DATA PROVIDED »
------------
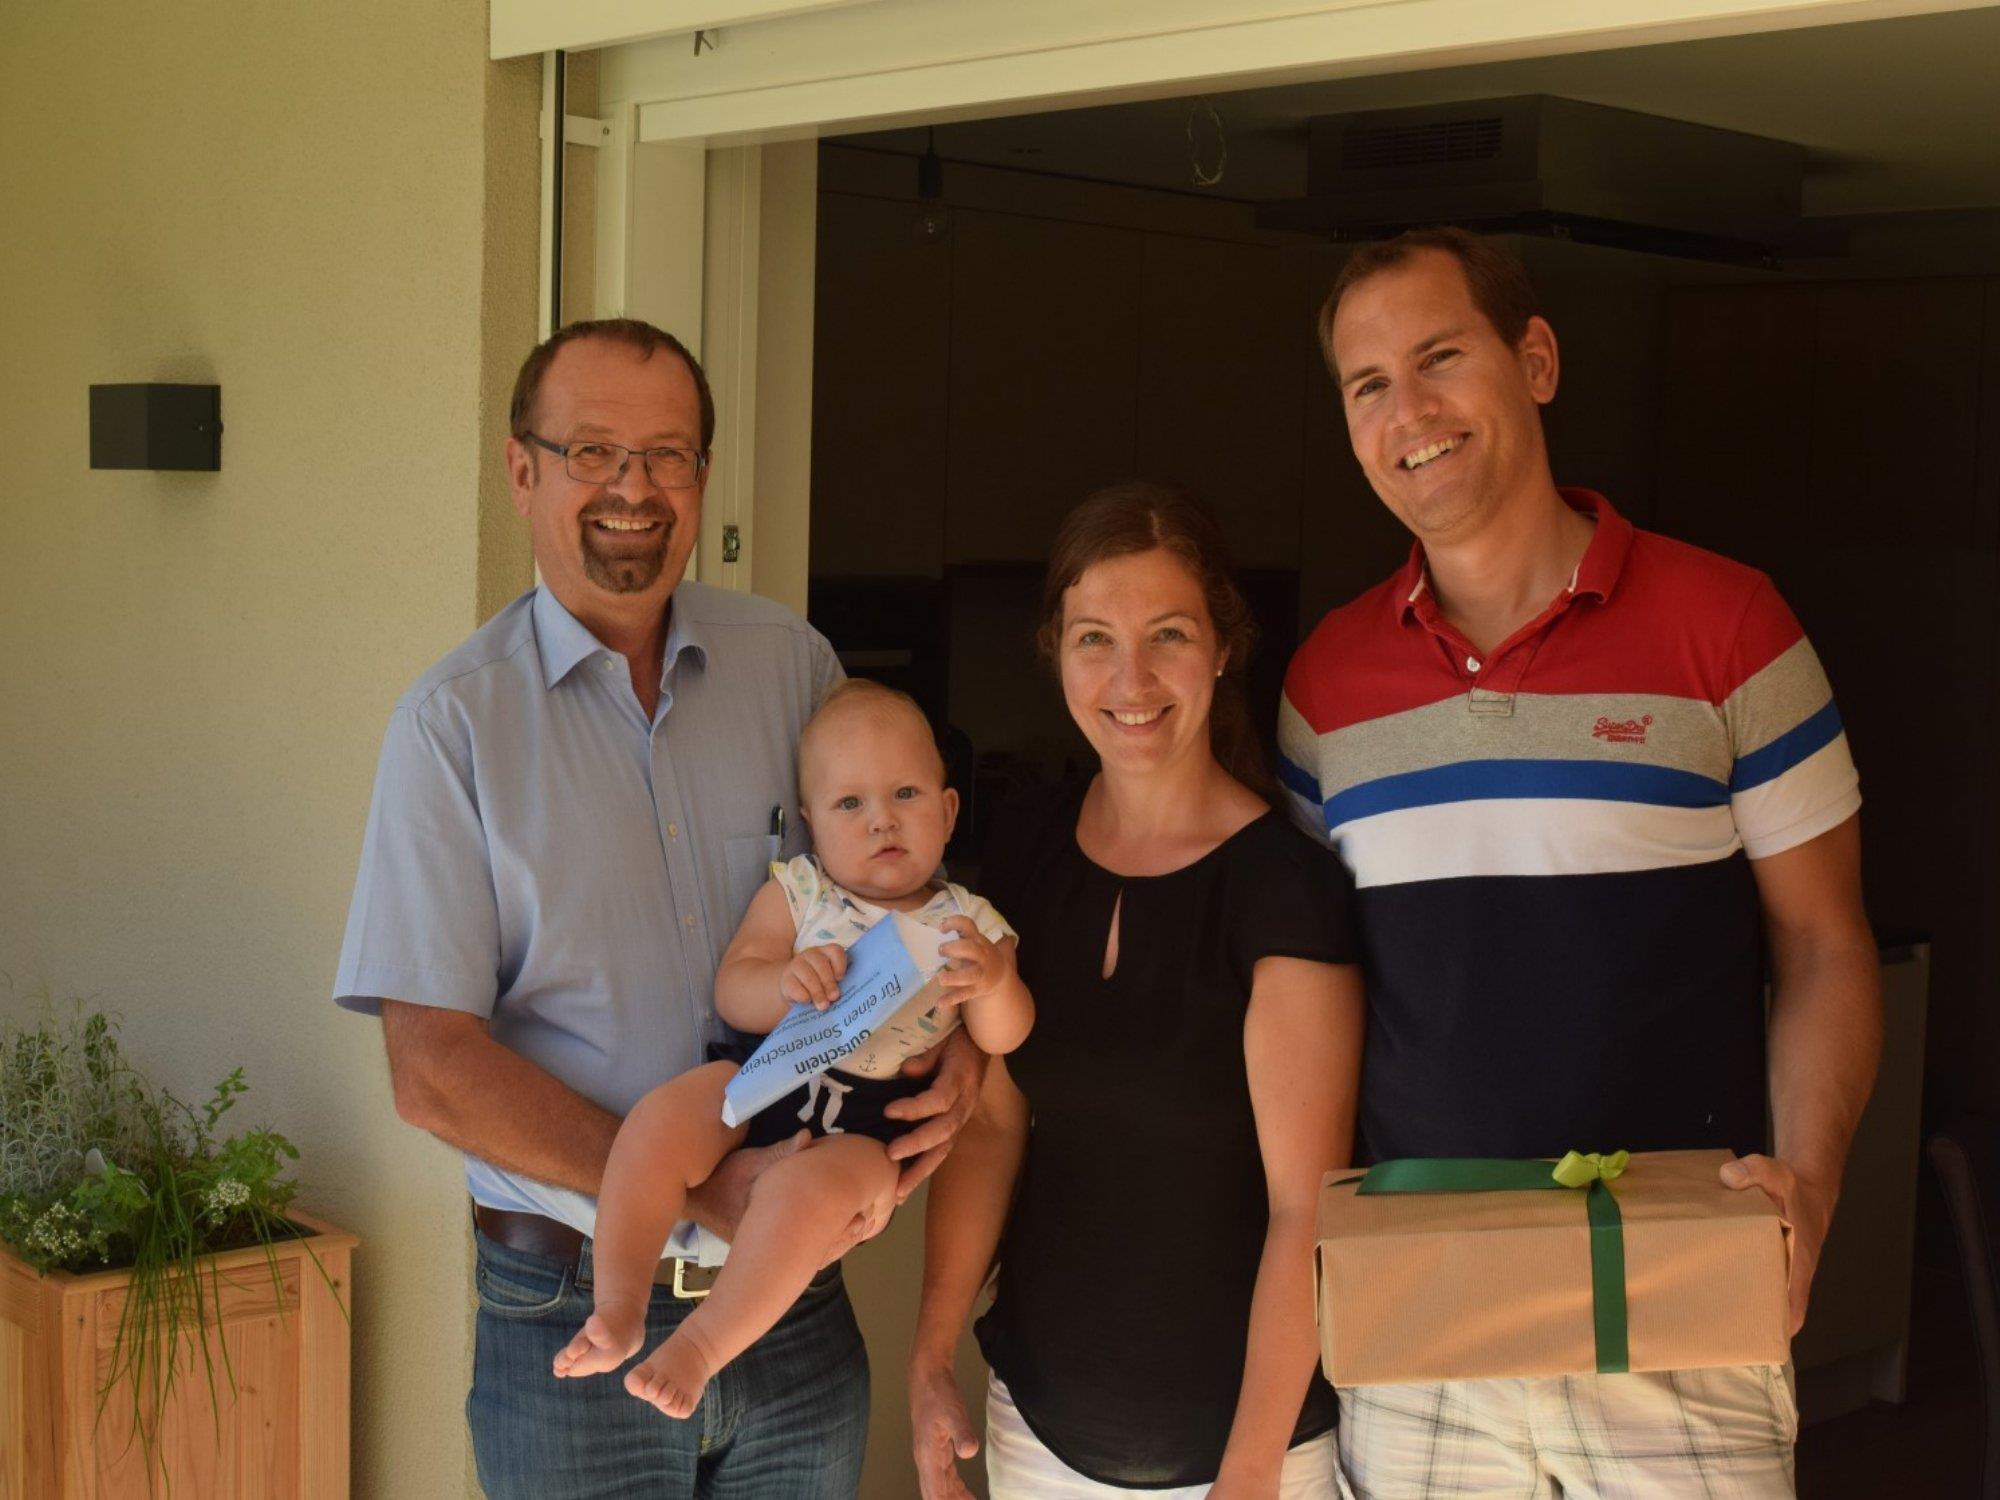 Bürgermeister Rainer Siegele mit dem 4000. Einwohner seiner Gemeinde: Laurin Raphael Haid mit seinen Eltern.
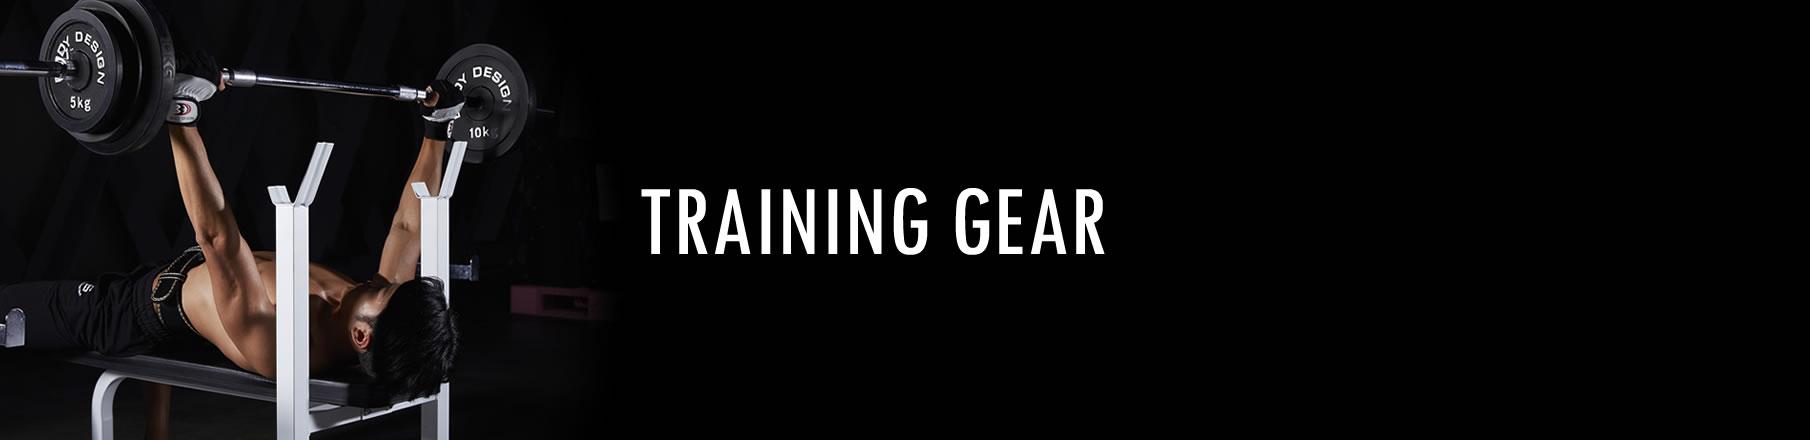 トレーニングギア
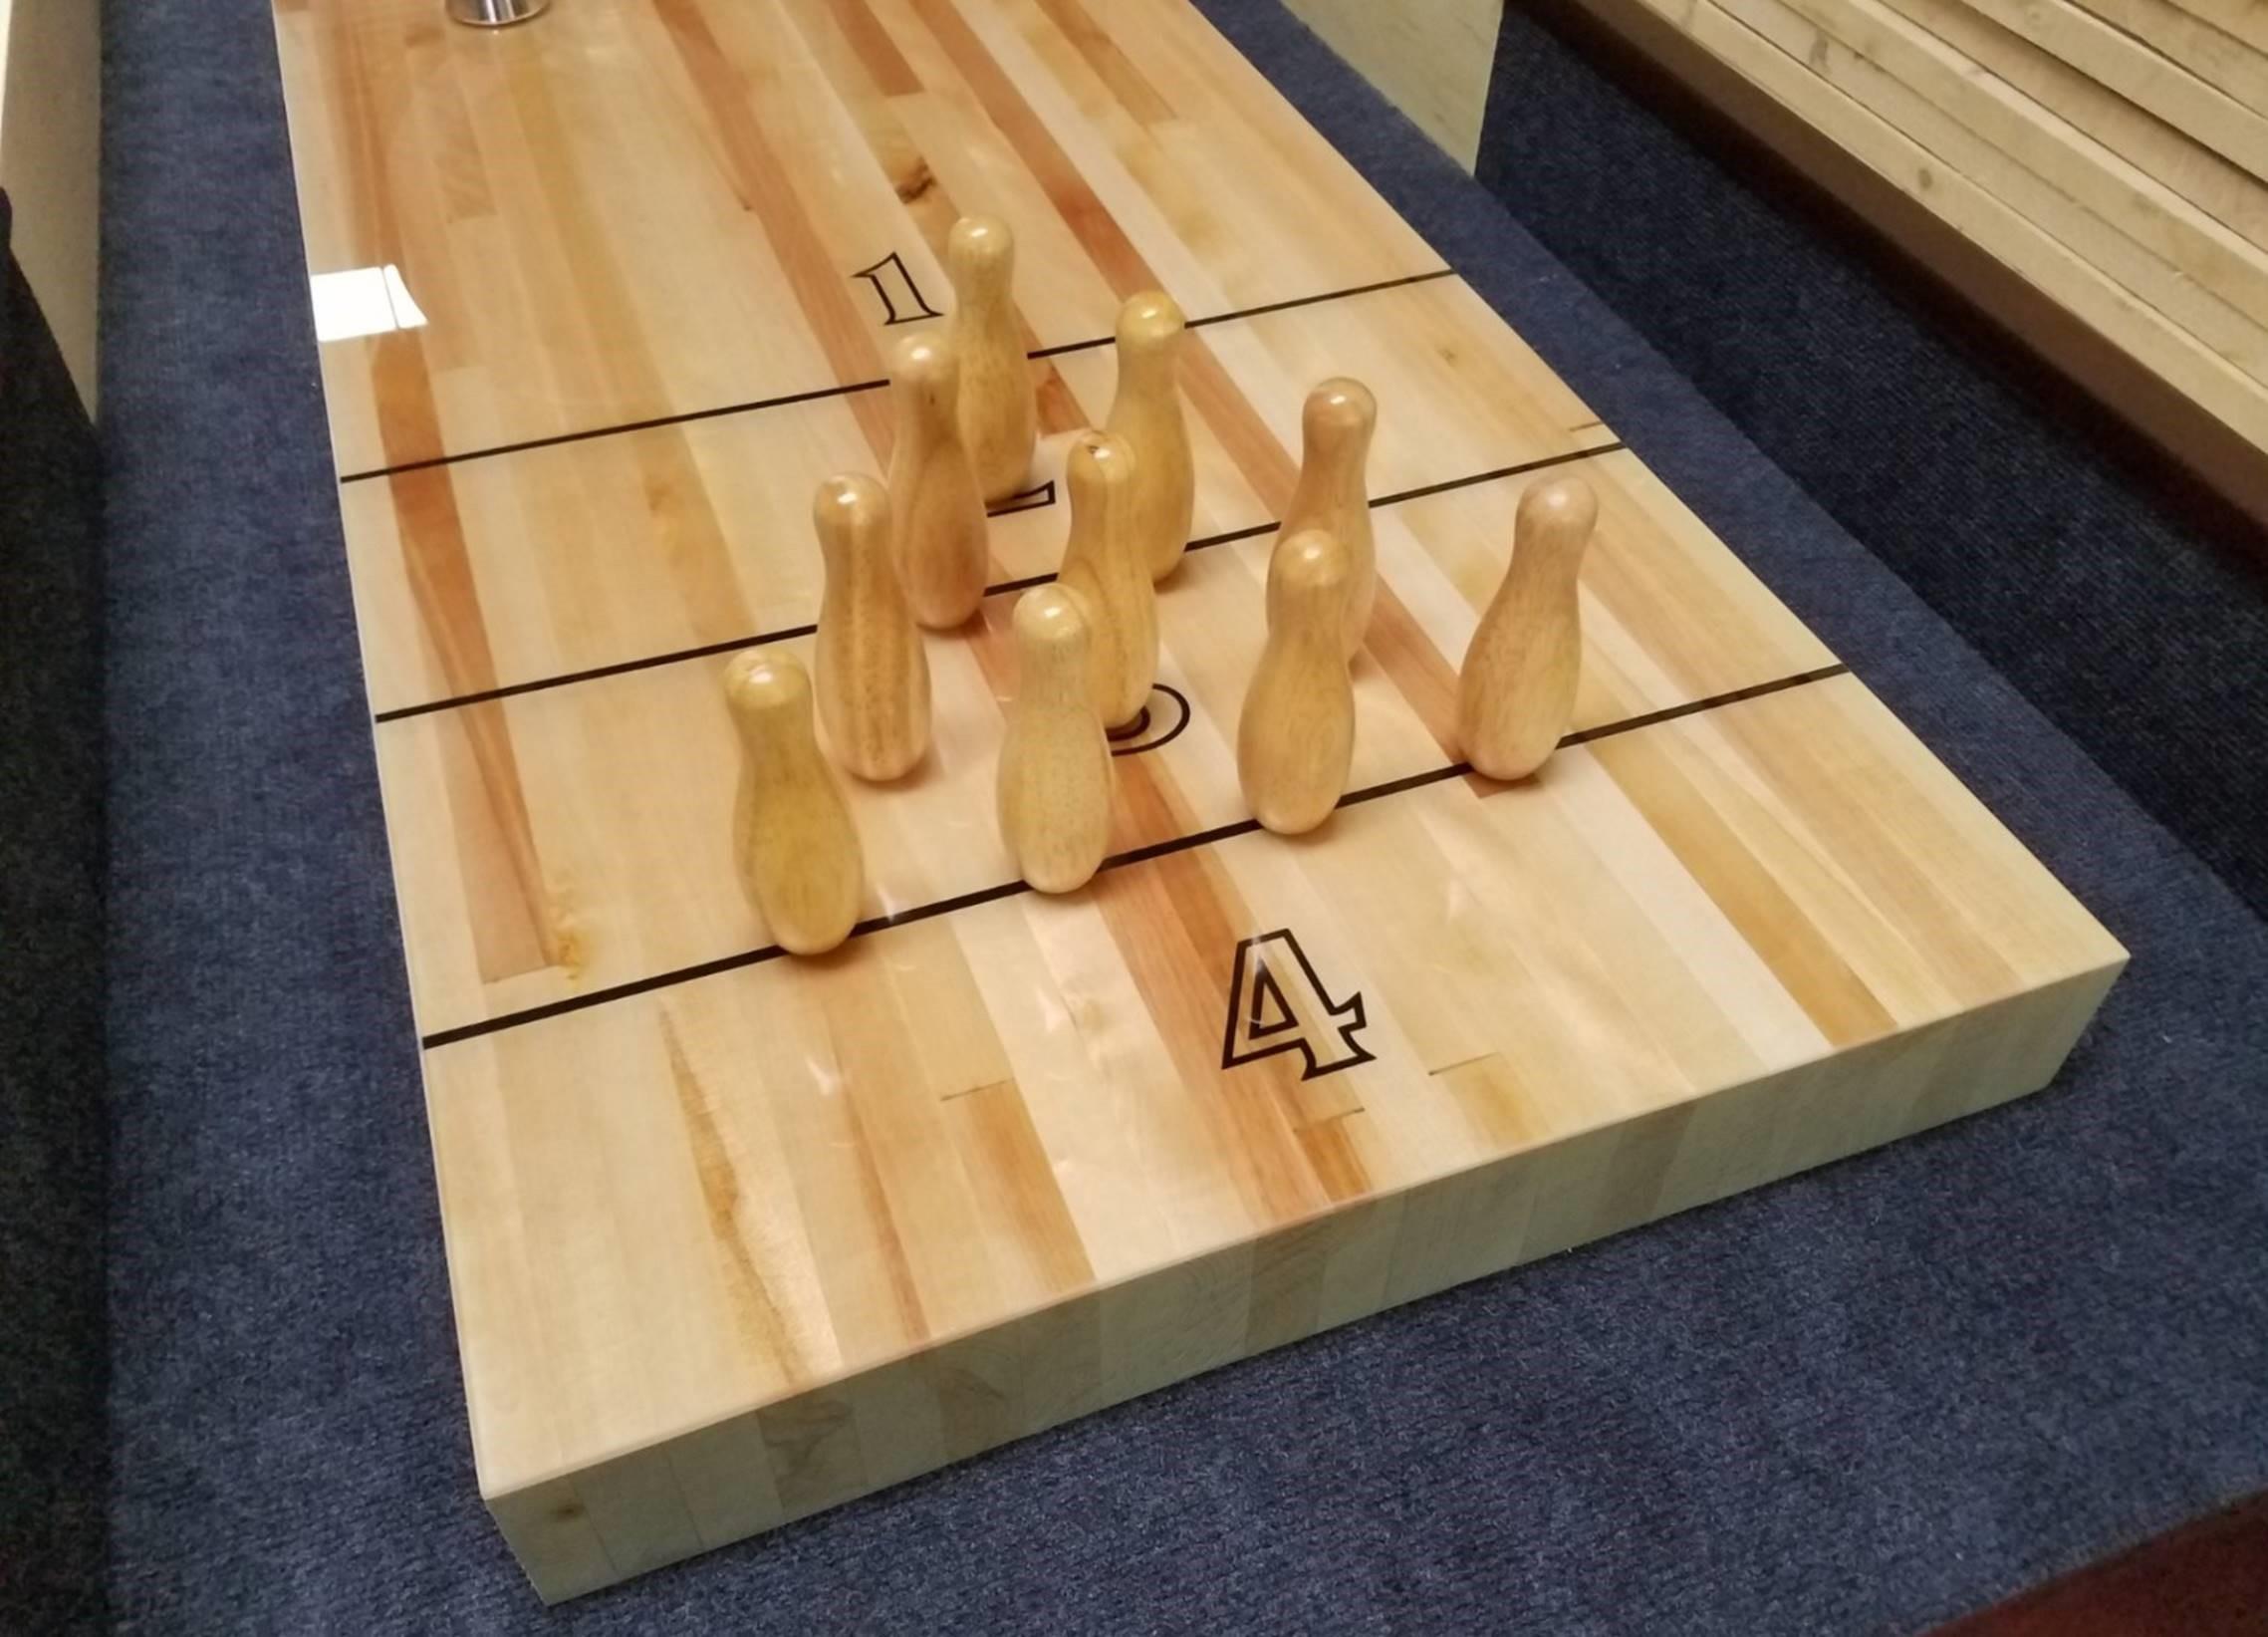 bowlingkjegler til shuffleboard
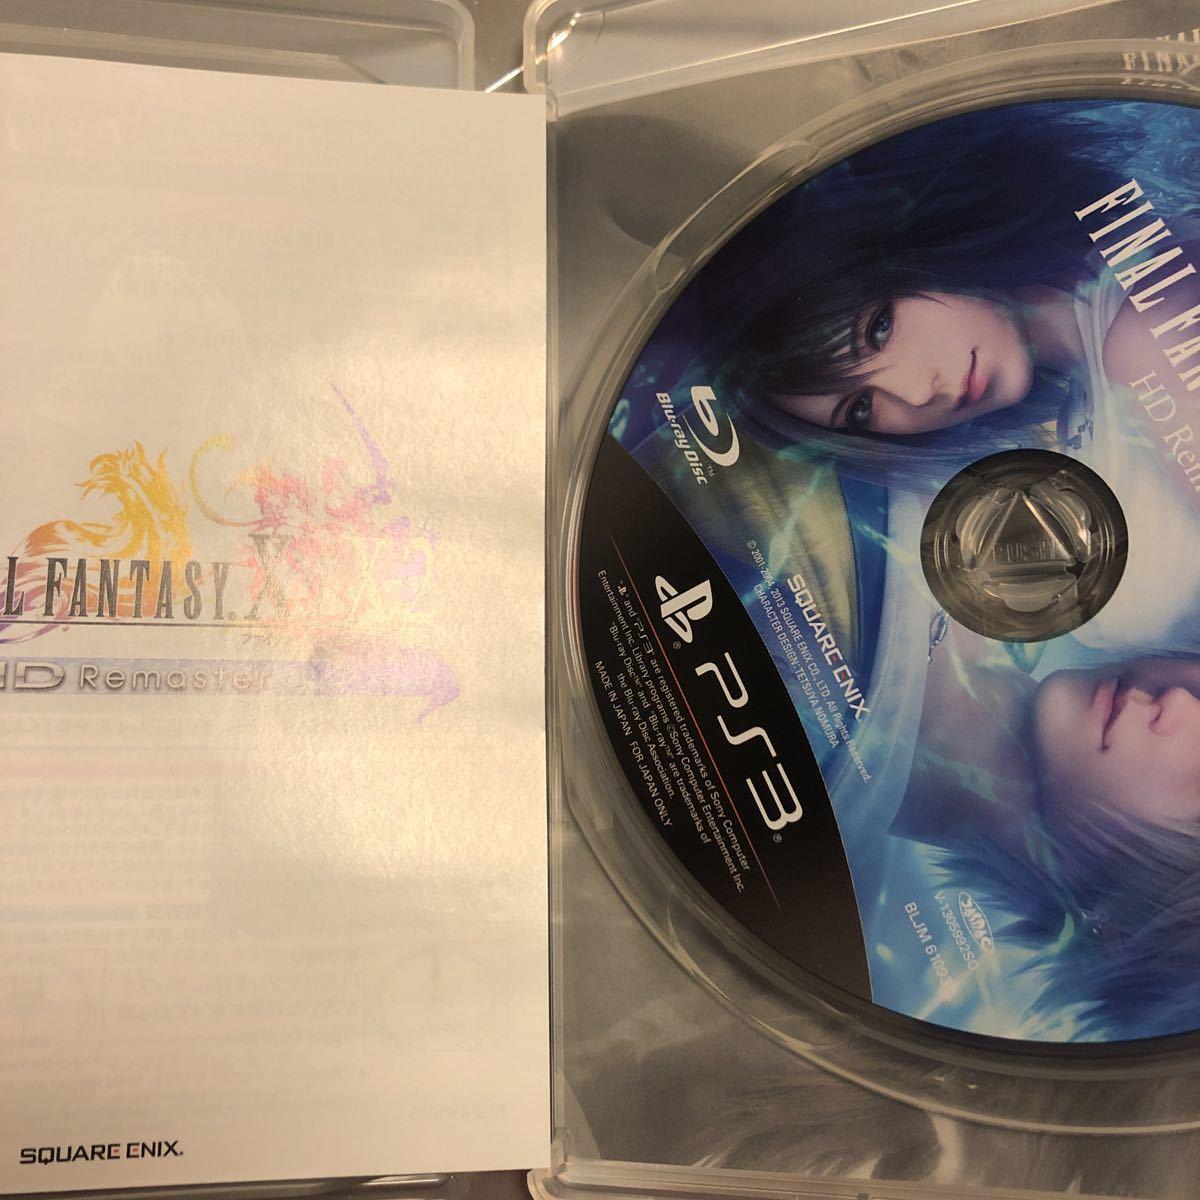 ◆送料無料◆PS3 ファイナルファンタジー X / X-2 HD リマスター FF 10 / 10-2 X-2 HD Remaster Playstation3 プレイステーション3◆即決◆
------------
TASK PROMPT » The whole listing is to be written out exactly; the pictures stay out of the copy.

RESULT »
 Bürgermeister Rainer Siegele mit dem 4000. Einwohner seiner Gemeinde: Laurin Raphael Haid mit seinen Eltern.
 トレーニングギア
 bowlingkjegler til shuffleboard
 ◆送料無料◆PS3 ファイナルファンタジー X / X-2 HD リマスター FF 10 / 10-2 X-2 HD Remaster Playstation3 プレイステーション3◆即決◆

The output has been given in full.